DATA BLOCK:

= Beginning of Section =

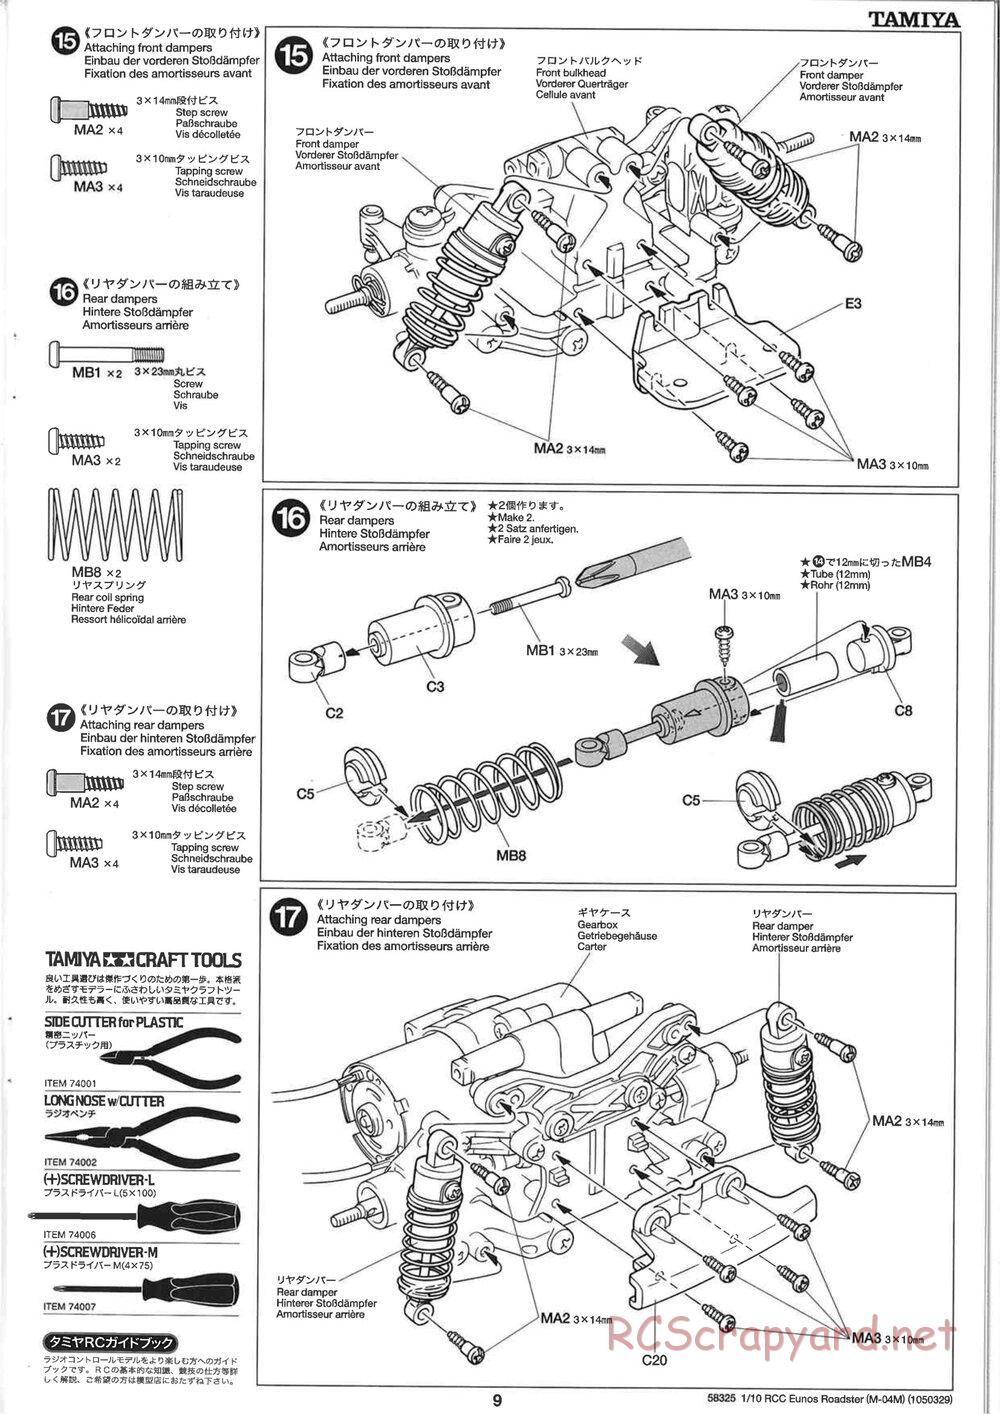 Tamiya - Eunos Roadster - M04M Chassis - Manual - Page 9
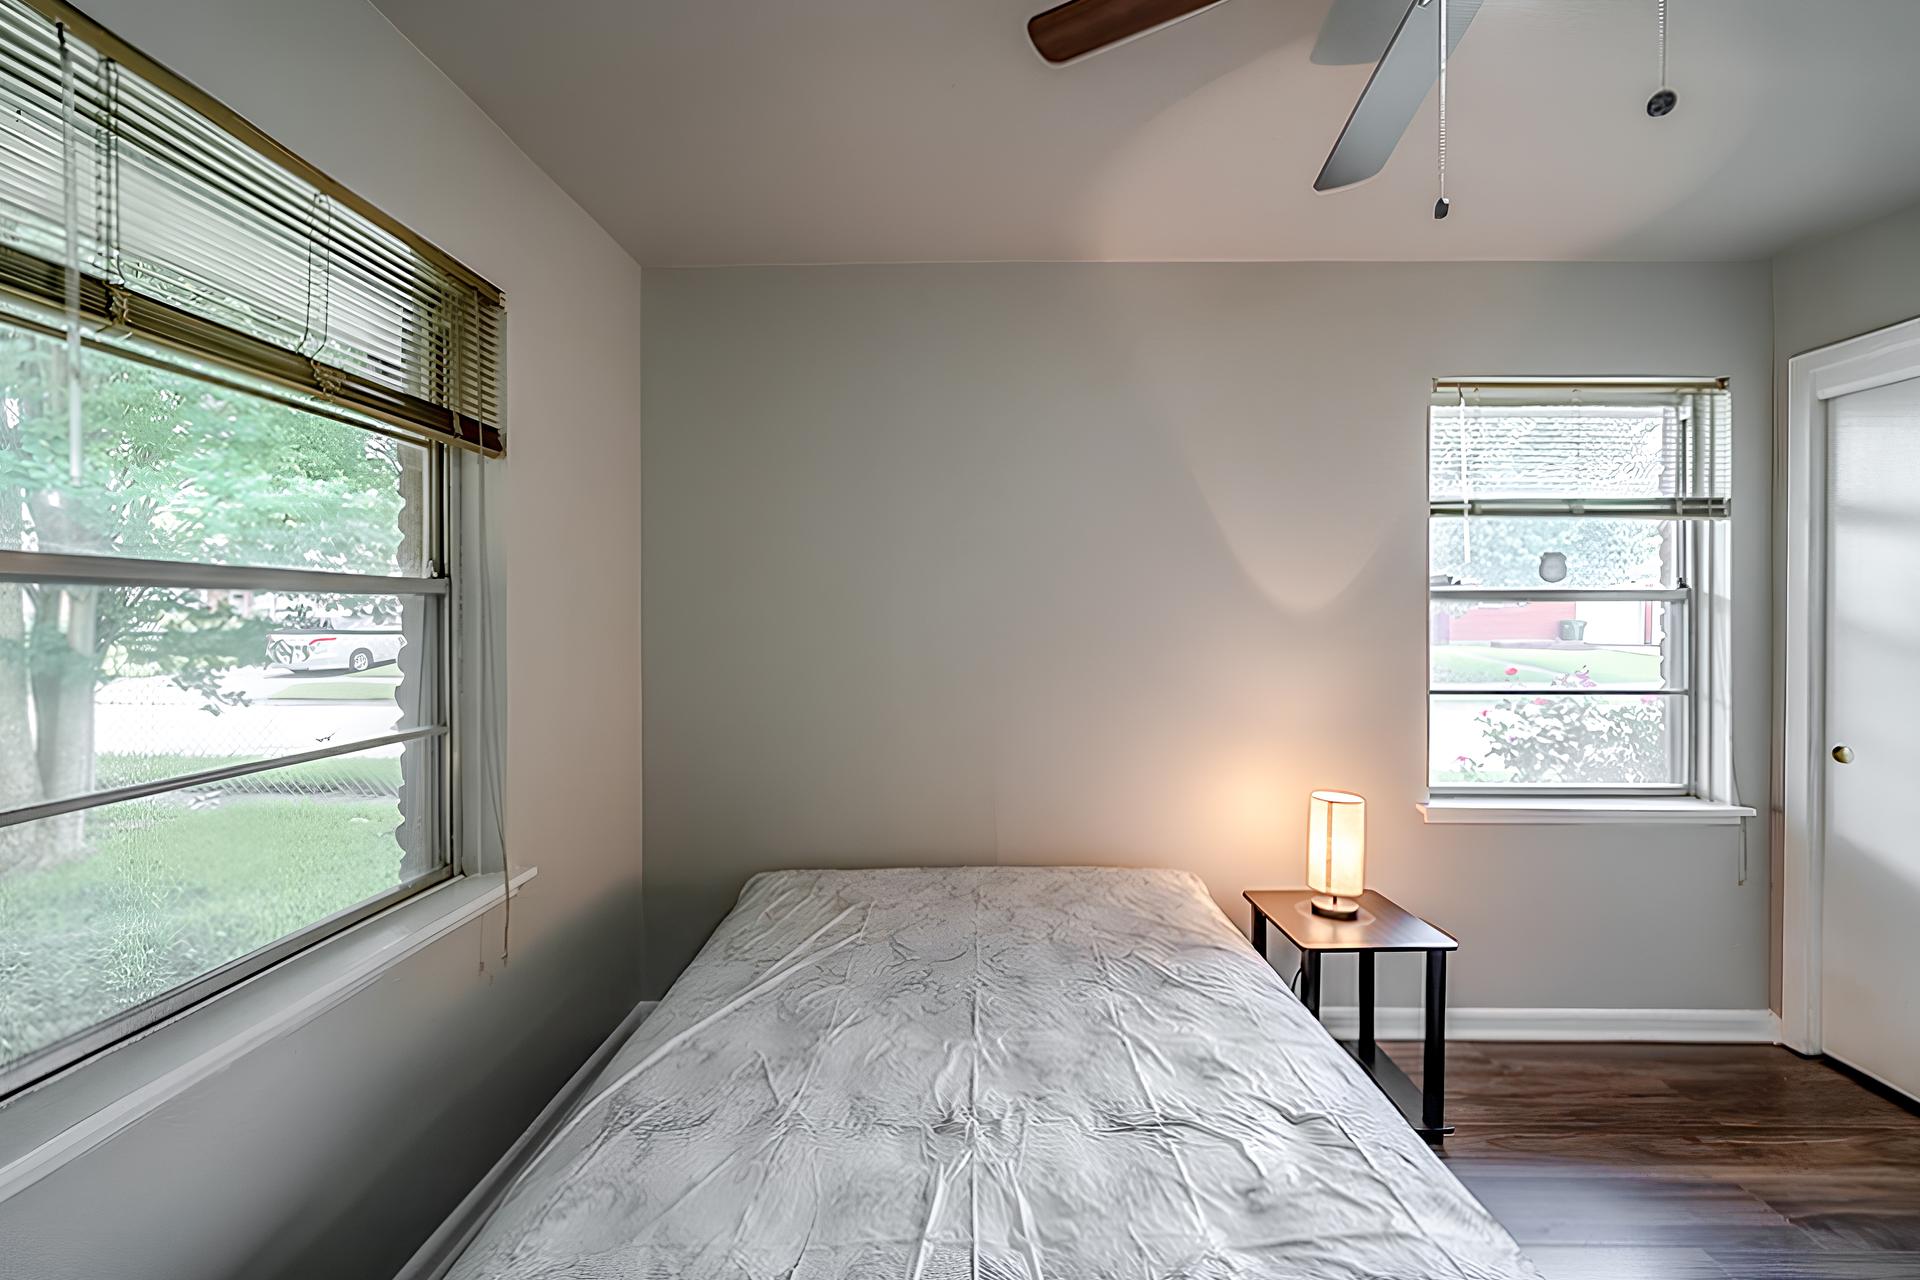 bedroom, detected: ceiling fan, hardwood, window blind, bed
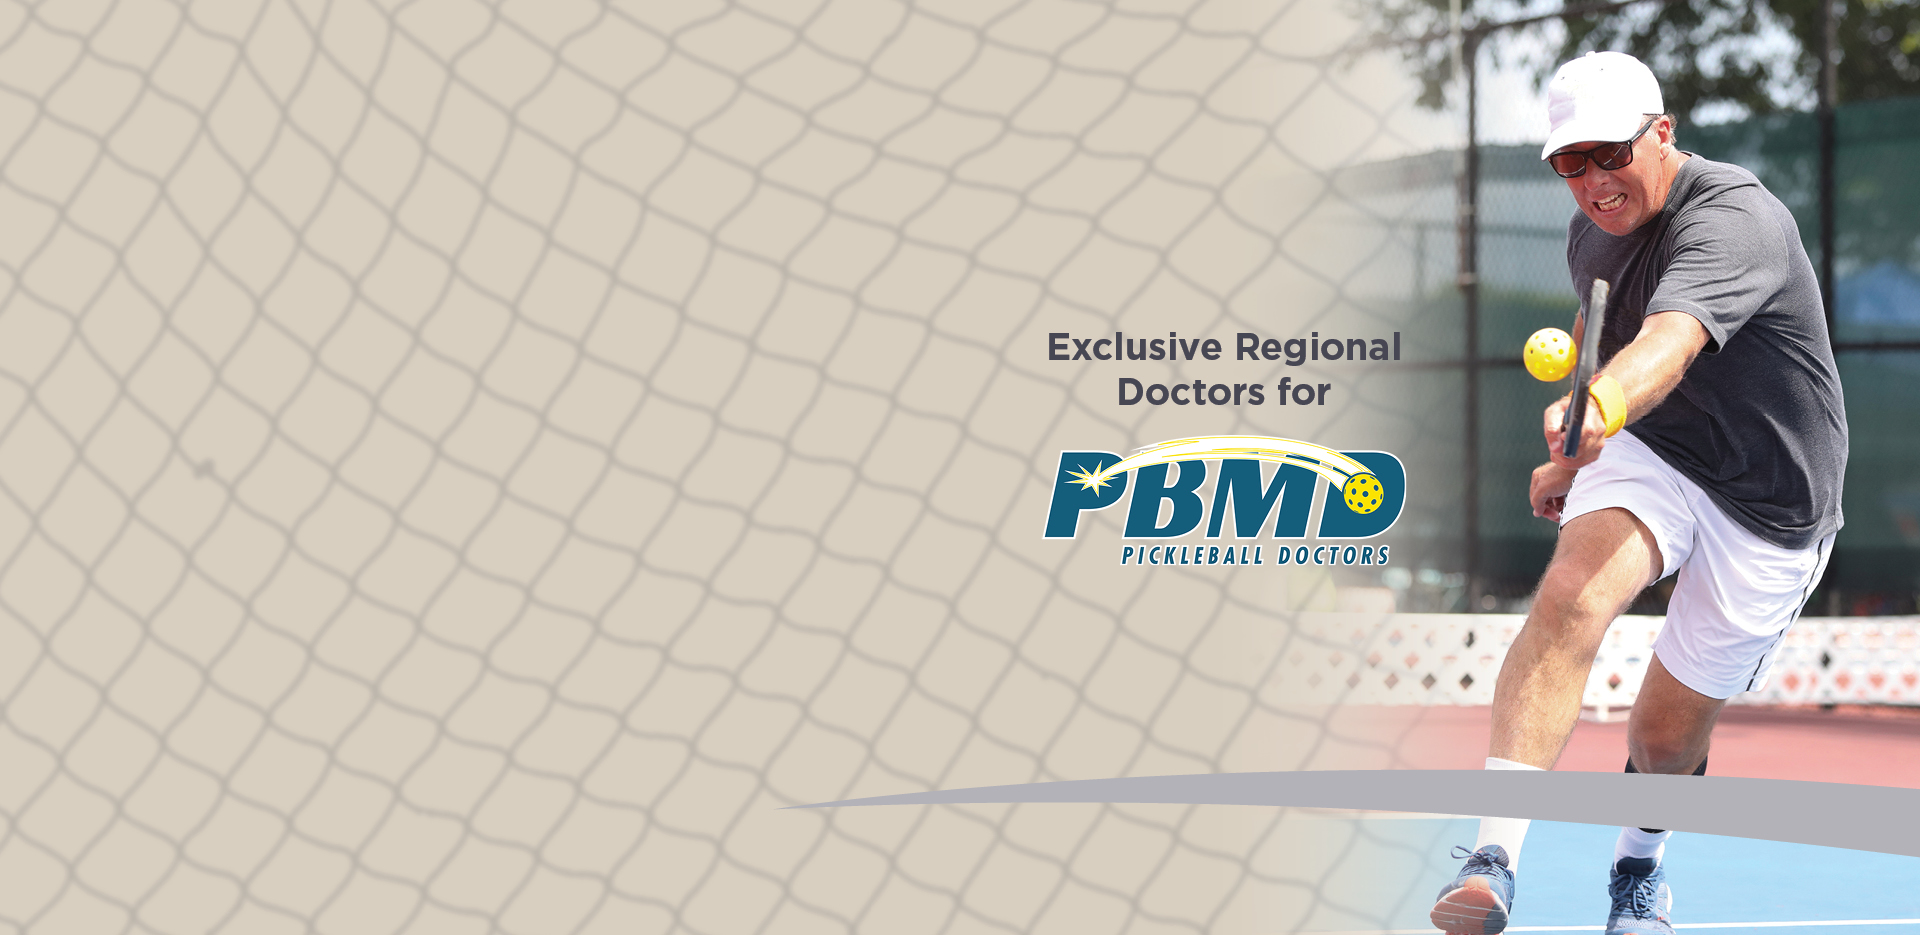 Exclusive Regional Doctors for PBMD

= End of Section =

TO DO: All of the material above must be retyped exactly, line for line, with the images dropped.

OUTPUT BELOW:
 Tamiya - Eunos Roadster - M04M Chassis - Manual - Page 9
 bedroom, detected: ceiling fan, hardwood, window blind, bed
 Exclusive Regional Doctors for PBMD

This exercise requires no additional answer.